Seguiram-se "Room on the 3rd Floor", "That Girl", "Down Goes Another One", "Star Girl", "P.O.V." e "All About You". Nesta segunda parte da apresentação, a banda dialoga mais entre si. Tom, a pedido dos outros integrantes, rebola no palco, para mostrar que é "shaky-shaky". Dougie bate um papo com seu baixo forçando voz de bebê, como se ele fosse sua namoradinha e precisasse ser mimado. Tom pergunta se todo mundo segue a banda no Twitter (a gente não precisa dizer a resposta, certo?). Danny ataca Tom com uma linguinha digna de Gene Simmons, o "diabo" do Kiss - não, eles não se beijam, mas é por pouco: o "bromance" (corruptela para "brother + romance", adotada para caracterizar afeto entre amigos homens) não vai além de um estalo molhado no pescoço do guitarrista. Em seguida, Danny anuncia "uma canção muito sexy". Um dos meninos solta um senhor arroto. O baterista mostra o que aprendeu em português: "Soltar pum!". Pequenas cenas que fazem cada ala do Unidos do McFly se sentir trocando uma ideia com os britânicos, de repente não mais os inatingíveis astros internacionais.
Antes do bis, anuncia-se, com falso fatalismo, a última música: a faixa "The Last Song", que posiciona a banda entre os Jonas e o Blink 182 (a gangorra, claro, pende mais para os primeiros). Eles voltam, ainda, para tocar "Lies" e "5 Colours in Her Hair", com Dougie ricocheteando pelo palco mais do que nunca, enquanto os guitarristas se contorcem feito pomba gira. Com um "massive thank you", se despedem jogando à plateia pequenos souvenires: toalhas encharcadas de suor e até um chafariz de água, gargarejado e cuspido em direção às primeiras filas. Um brinde!
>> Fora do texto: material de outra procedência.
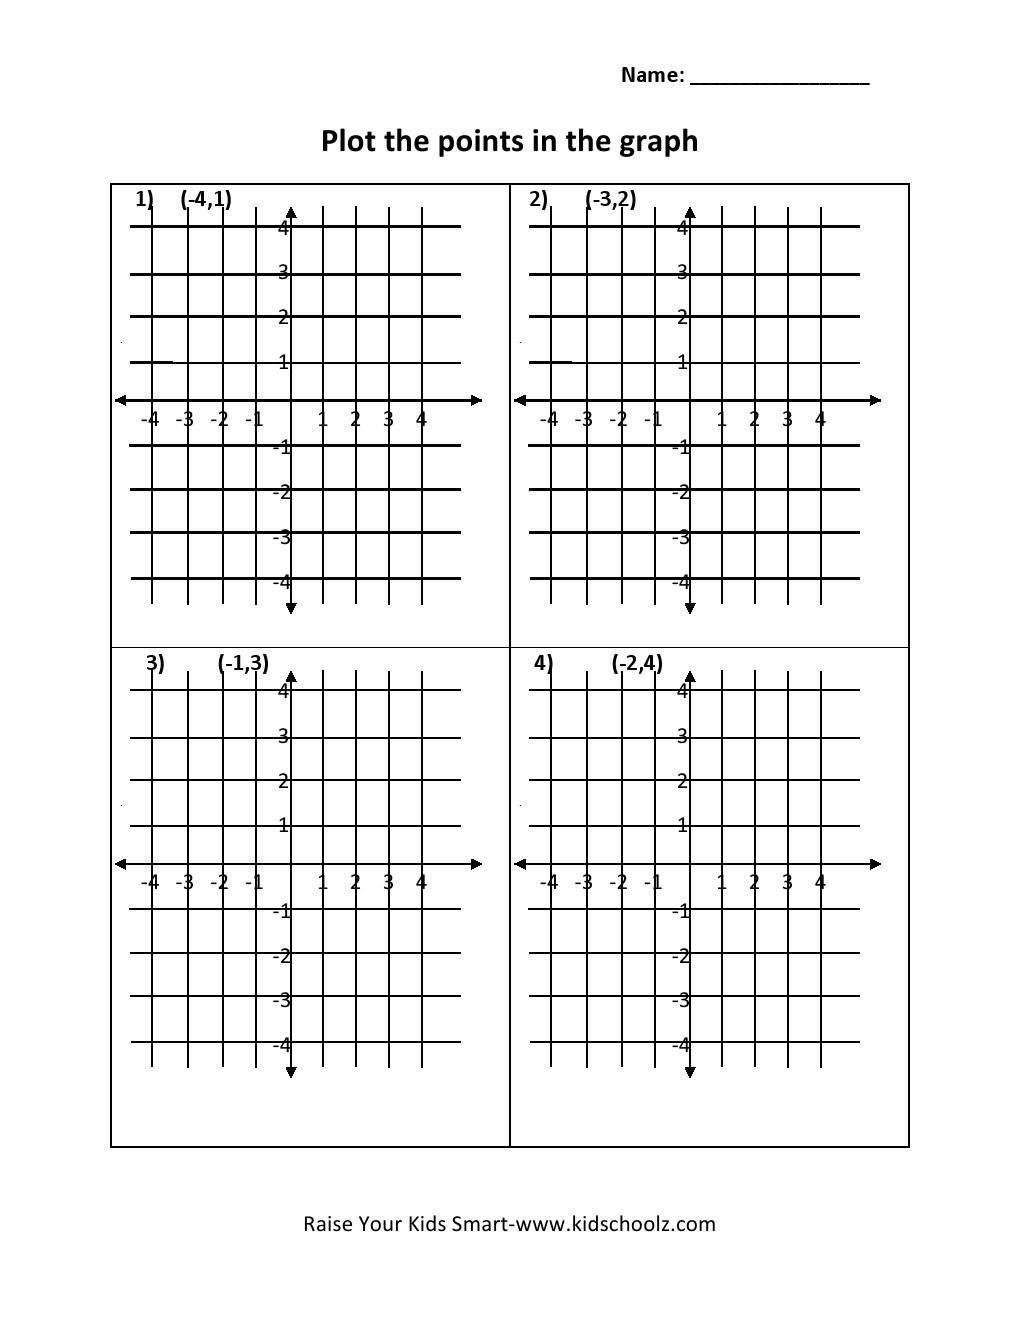 worksheet Plotting Points Worksheets grade 5 plot points worksheet kidschoolz worksheet

Numa noite em que bastava estar na casa dos 20 anos para já ser tomado por "tiozinho", o fim da apresentação foi sinal para que as lágrimas começassem a desabar. Os paulistanos ganharam a honra de ouvir que foram "o melhor público que já tivemos no Brasil" . Alguém mais cínico desmereceria o cafuné alegando que "eles dizem isso para todas". Mas, frente ao coquetel molotov de hormônios, cinismo não tinha poder de fogo. Deixa isso para o tal de rock 'n' roll.